Le « bon endroit », c’est cette zone à équidistance du Marais et des Halles, de la place du Châtelet et du quartier des Arts-et-Métiers. Deux ans plus tôt, à quelques mètres de là, a été inauguré le centre Georges-Pompidou, symbole d’audace architecturale et de renouveau culturel. Le chantier du quartier de l’Horloge, lui, c’est « 745 appartements, 150 magasins, un parking public », répondant au rêve bourgeois d’un habitat qui allie modernité urbaine et tranquillité. Entièrement sous gestion privée, cette nouvelle zone sortie de terre, traversée par des rues piétonnes ouvertes au public, ambitionne de devenir le pendant commerçant de la toute fraîche et voisine « piazza Beaubourg ». Installée en hauteur sur une façade, sous l’arche de la jeune rue Bernard-de-Clairvaux, la rutilante horloge commandée à Jacques Monestier doit incarner cette nouvelle pulsation créée de toutes pièces.
L’oiseau, le crabe et le dragon
Le tableau est peu banal. Sur un rocher de tôles bleutées, un pantin armé d’un glaive lutte avec trois animaux, symbolisant les éléments – un oiseau (l’air), un crabe (l’eau) et un dragon (la terre et le feu). Les personnages de laiton dorés s’affrontent à la faveur d’une chorégraphie métronomique : à chaque heure, l’un des animaux s’anime, agressif, en direction du petit homme de métal, qui en réponse tourne la tête, agite son torse et dirige son glaive. Conçue comme un spectacle, l’horloge à automates a patiemment rythmé le temps jusqu’à sa mise en arrêt, en 2003, faute de financement pour sa maintenance.

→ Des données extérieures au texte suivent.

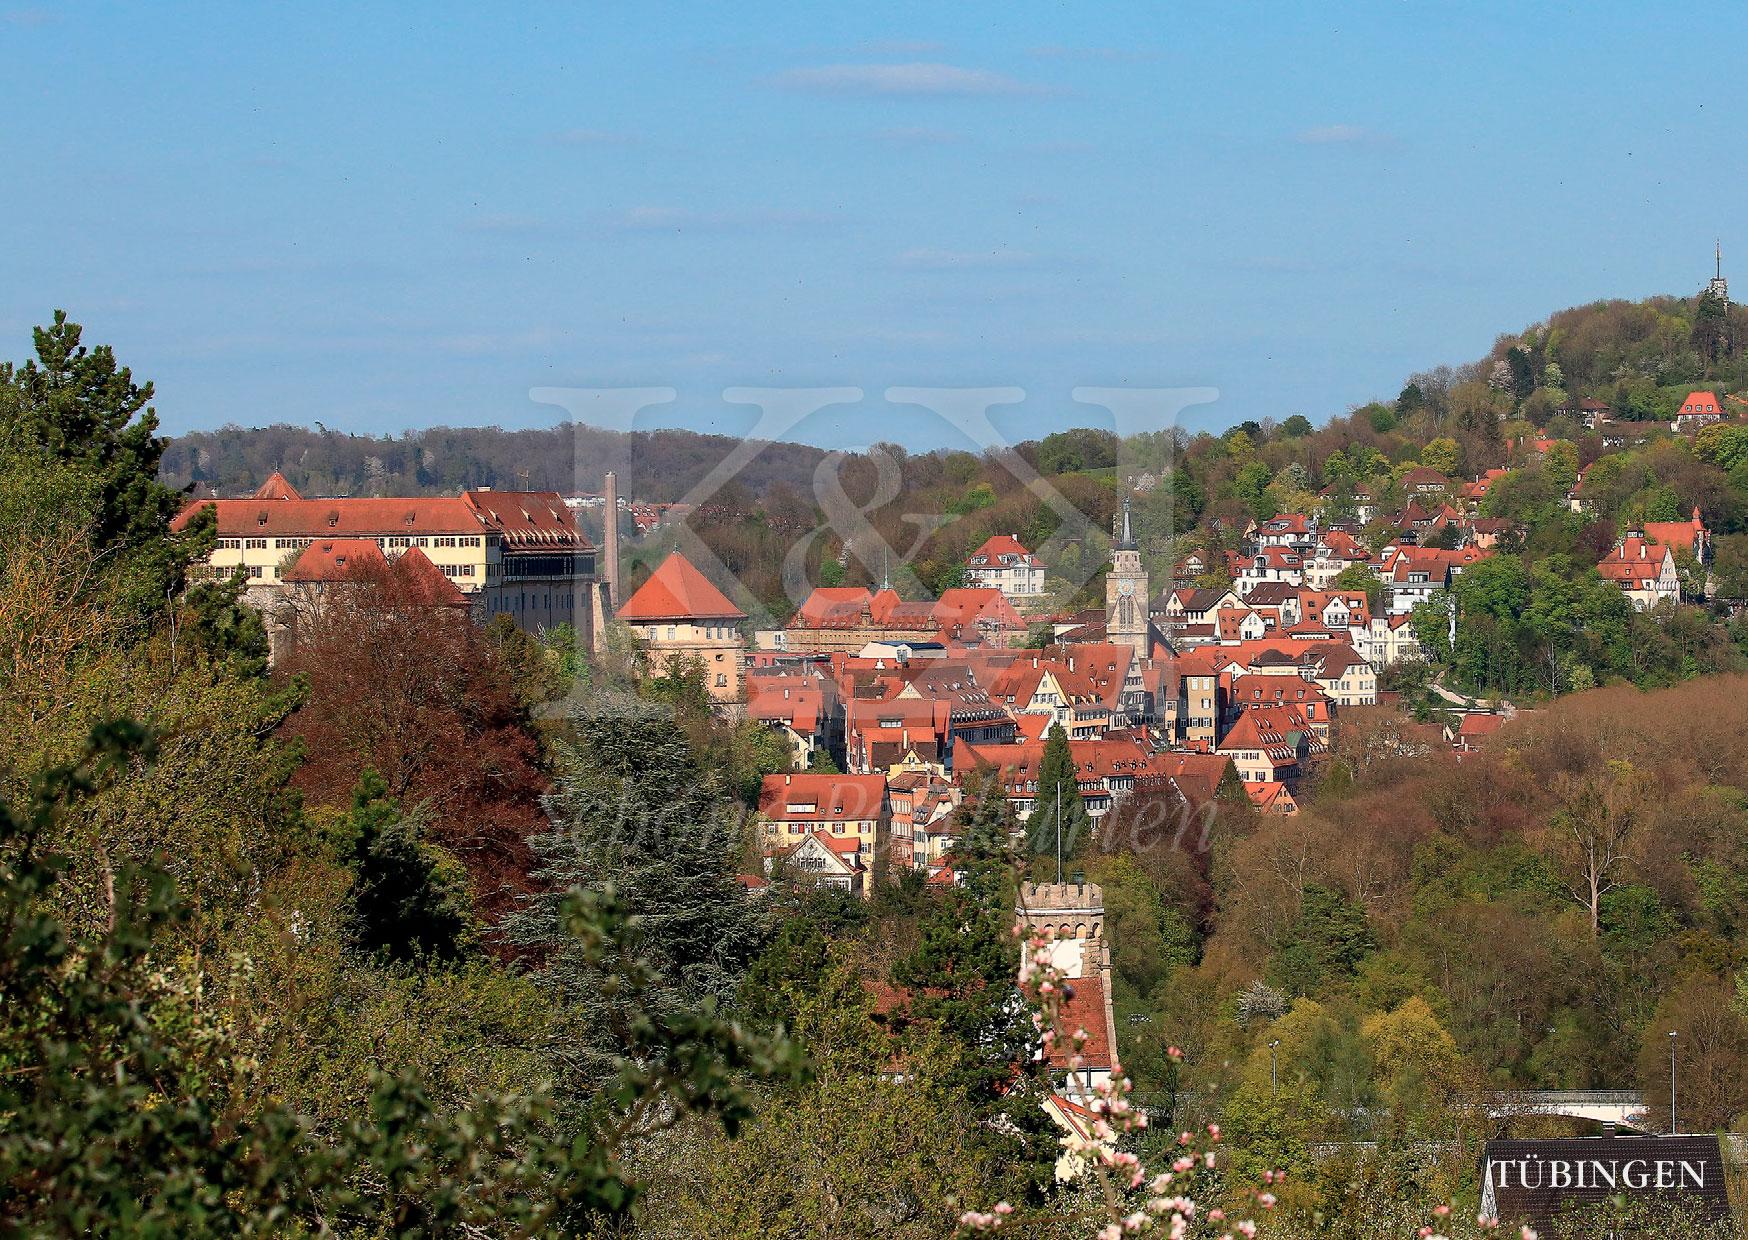 Schöne Postkarte Nr. 6 · Tübinger Altstadt mit Stiftskirche, Schloss und Österberg · © www.schoenepostkarten.de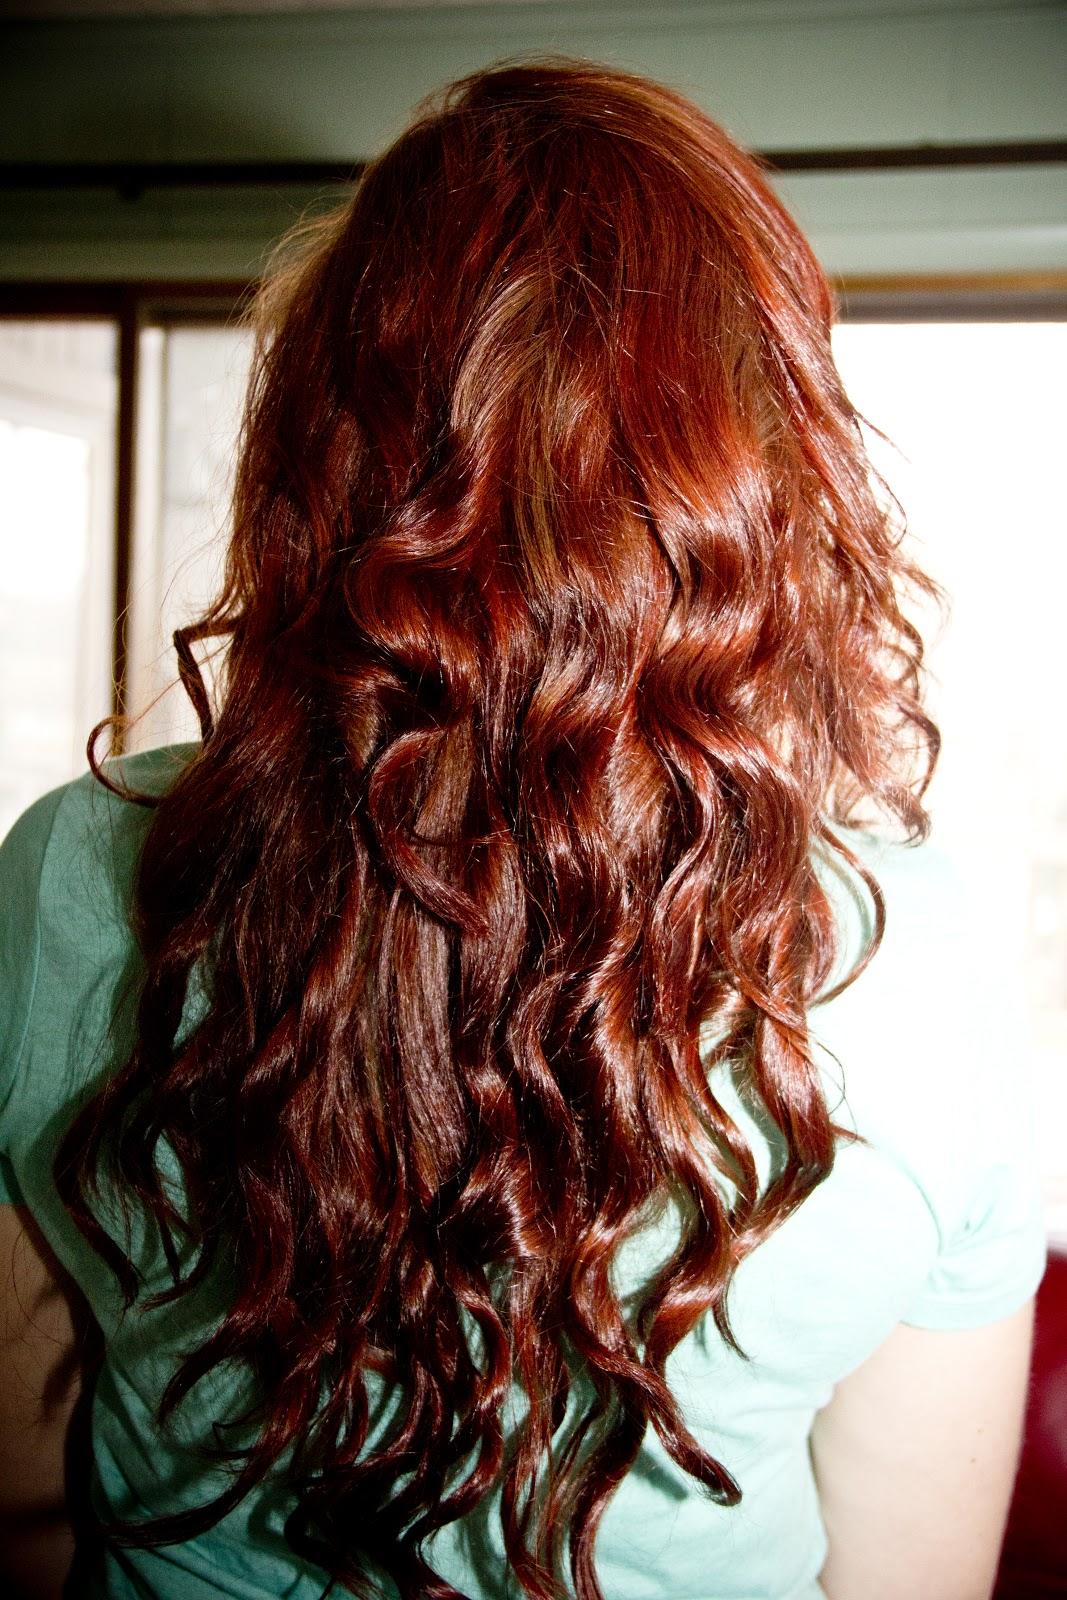 Корица это какой цвет волос

Progressivement, la dorure a disparu sous les fientes de pigeon. La modernité a cédé la place à une certaine désuétude, dans un quartier où les rares passants ne font que circuler, et où la vie commerciale ne remplit pas ses promesses, entre boutiques de photocopie d’un autre temps et l’envahissant Leroy Merlin. Devenu symbole d’un abandon, Le Défenseur du Temps aurait dû rendre définitivement les armes. C’était sans compter sur son ange gardien, un certain Cyprien. Et un certain alignement des planètes.
L’artiste et son pari fou
Tout est parti d’une idée un peu folle, qui a germé dans la tête de Cyprien Gaillard. Absent des réseaux sociaux, rare dans les médias, cet artiste à la réputation internationale installé à Berlin n’est pas du genre à répondre facilement à un e-mail. Il aura fallu toute l’énergie du hasard pour le rencontrer, en chair et en os, au détour d’un étal de la librairie du Palais de Tokyo – là où il présentait le second volet de son travail à Paris fin 2022. Une exposition intitulée Humpty \ Dumpty, du nom du personnage d’une comptine anglaise, qui constate, une fois tombé et cassé en morceaux, qu’il ne sera plus jamais le même. L’artiste n’essaie pas de remonter le temps, mais questionne ses effets et le « devenir » de toute chose. Il s’interroge aussi sur l’acte de restaurer et sur « l’irrestaurable », comme il le dit lui-même. Insuffler une nouvelle vie dans l’œuvre d’un autre, la sortir de son contexte et de sa fonction première, voilà ce qui l’a animé dans cette histoire, glisse-t-il le temps d’une pause clope, parka au vent, entre deux passages éclair à Paris.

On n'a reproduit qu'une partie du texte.